Kingston University’s brightest business brains develop glove that could help keep cyclists safer

Nell Walker
- Technology - Jun 28, 2016

London's Kingston University entrepreneurs have developed a highly reflective glove that could help reduce cycling accidents on the road.

An award-winning group of third year students - named Company of the Year 2016 at the United Kingdom Young Enterprise Start-Up Awards - will represent their country at the European final in Bucharest with their invention.

Team Staunchh saw off competition from almost 300 different teams representing universities and further education colleges to pick up the first prize, impressing the judges with their Gleam cycling gloves that feature highly reflective arrows to help indicate to motorists which way the cyclist is going to turn.

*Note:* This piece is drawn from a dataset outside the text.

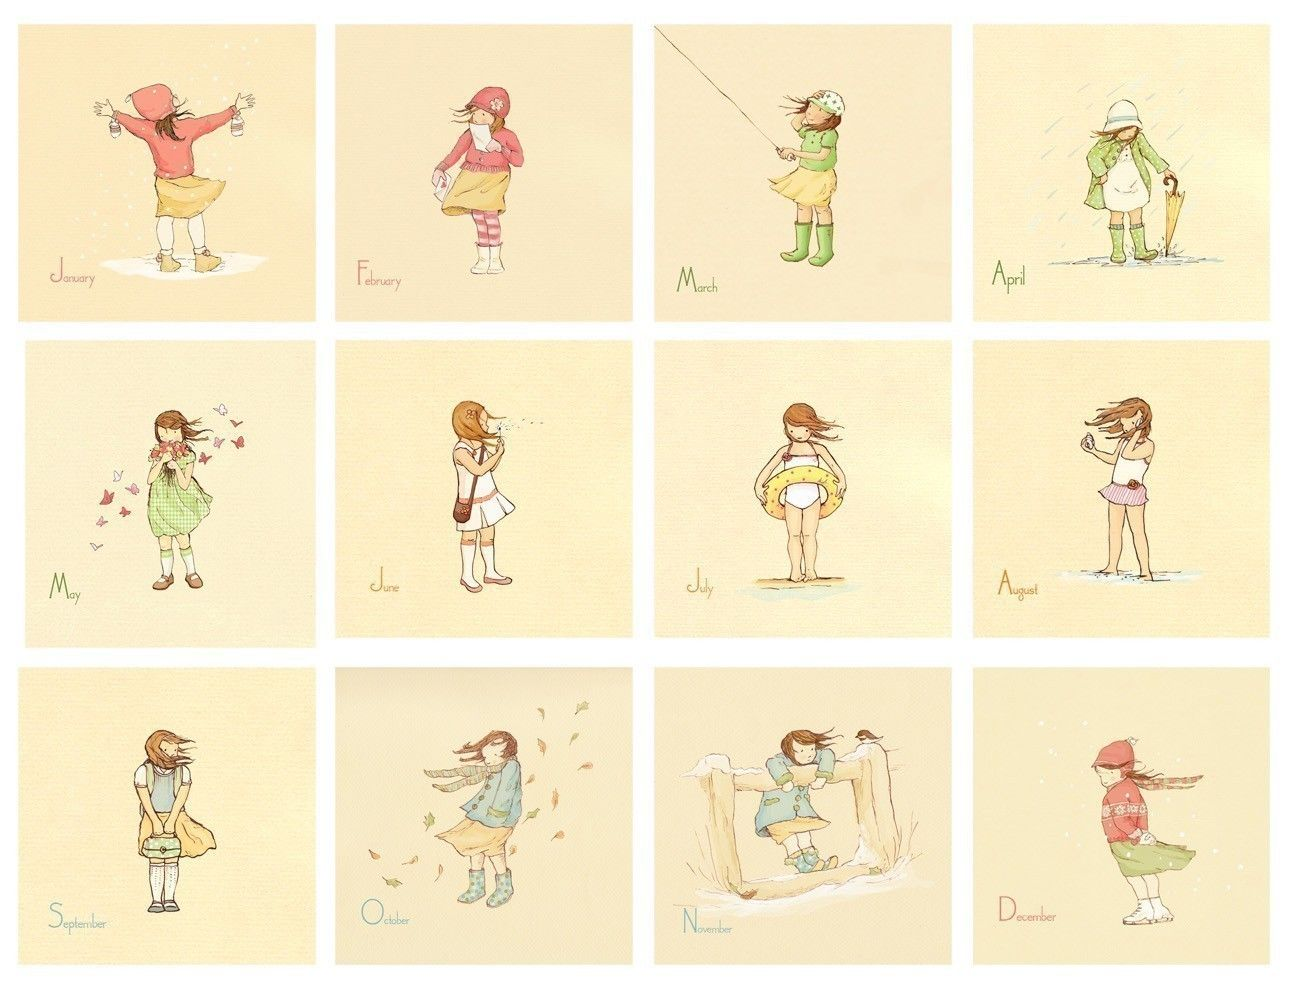 Kinder WandKunstdrucke ihr Monat fr MonatSET 12 8x8s  Postkarten  Pinterest  Kalender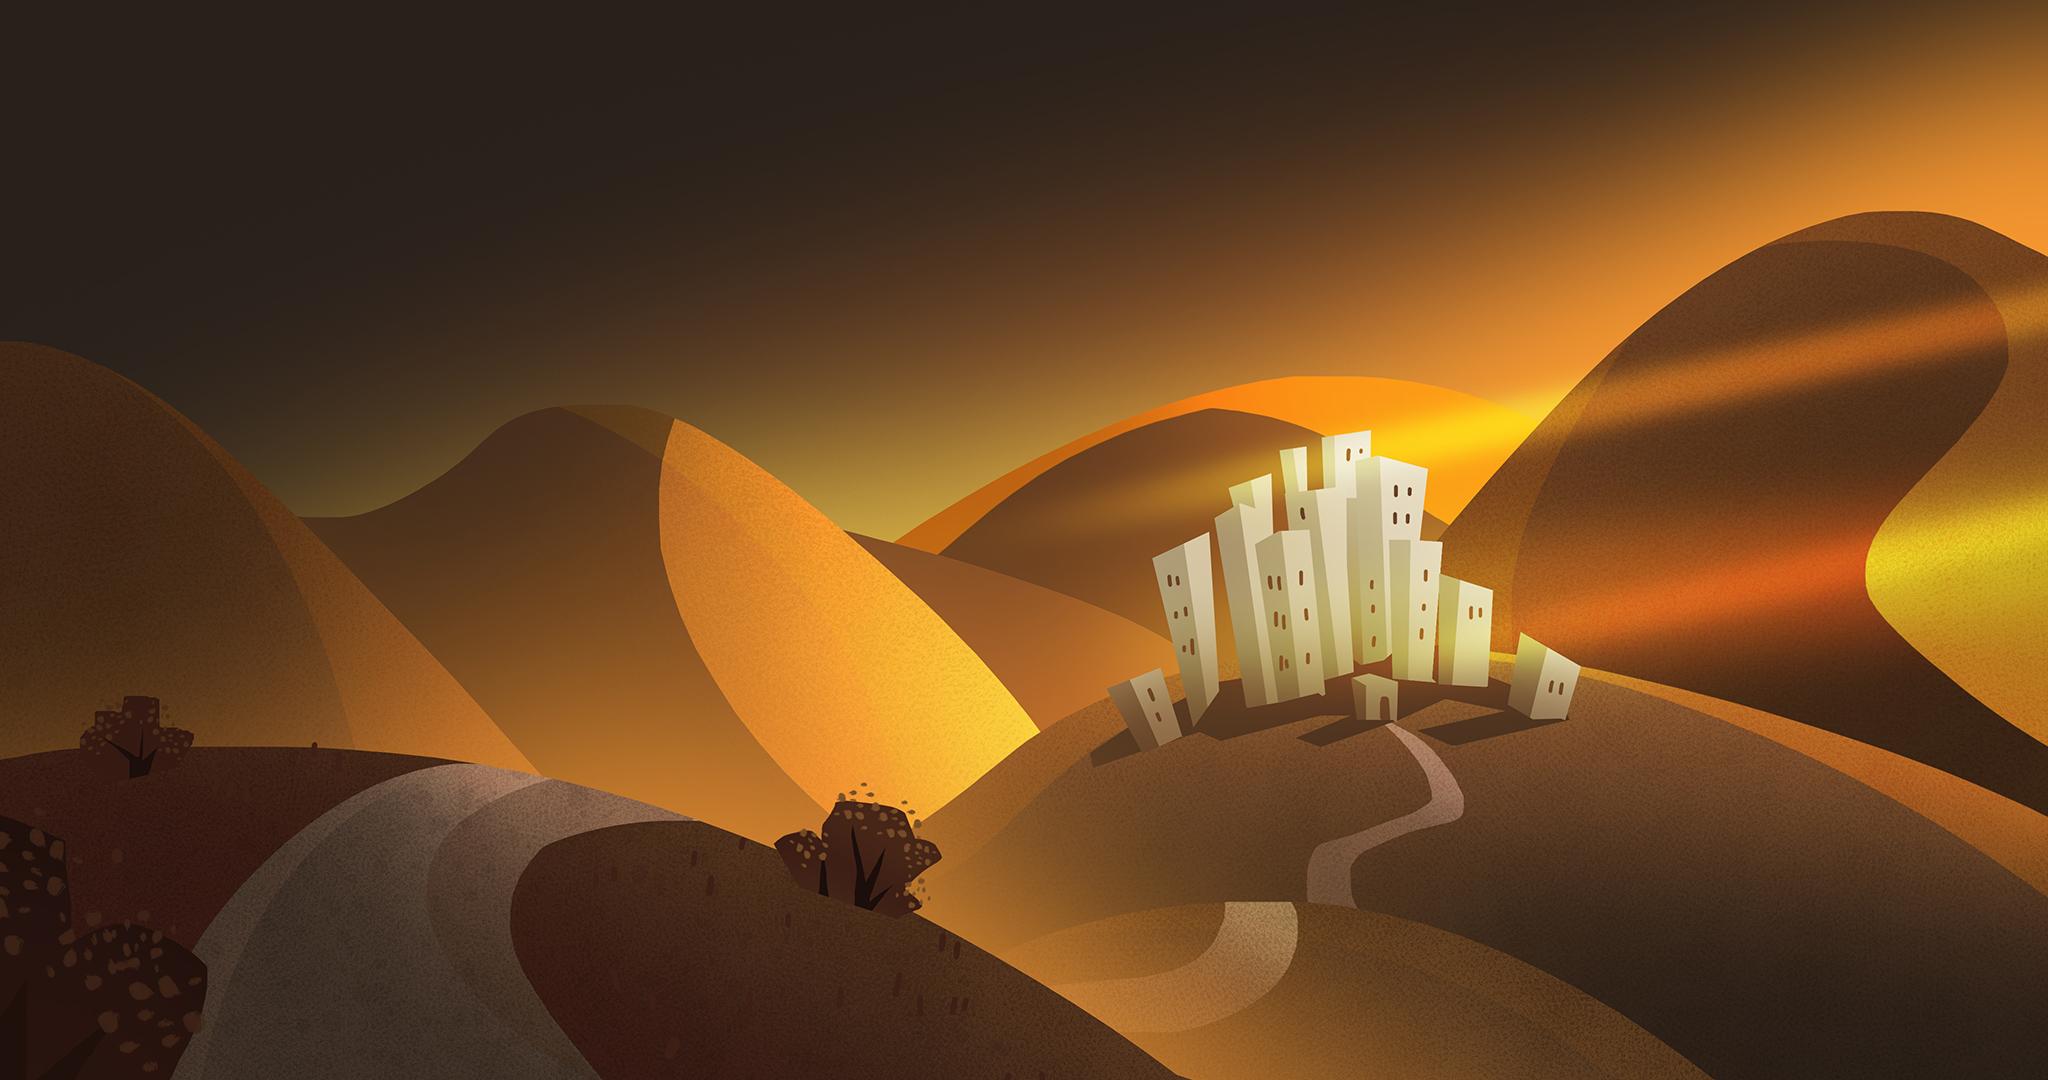 Coastal_Animation_far_bethlehem_01.jpg

This is the third year running that students from Kingston University have scooped the top prize at this event, which celebrates the achievements of students who have taken part in the year-long business start-up programme run by the national Young Enterprise charity.

Young Enterprise director Roy Howard commended Team Staunchh – which also picked up the Best Presentation Award – for demonstrating outstanding excellence against all of the competition’s criteria. “Their commitment and resourcefulness to the project was absolute, which was evident by the way they applied the skills and knowledge they had acquired during the year,” he said. “They clearly demonstrated that they will make exceptional representatives for Britain at the forthcoming European final.”

More than 21,000 cyclists are injured on the road each year, according to the latest statistics from the Royal Society for the Prevention of Accidents, with 75 percent of these take place at, or near, a road junction. Staunchh marketing director Sanif Momin said they hoped their product would help reduce the number of road accidents involving cyclists: “With so many accidents occurring at junctions, visibility is clearly an issue. We wanted to ensure drivers had a better chance to see cyclists indicating which way they are turning and the retro-reflective material we’ve used is visible from 200 metres away."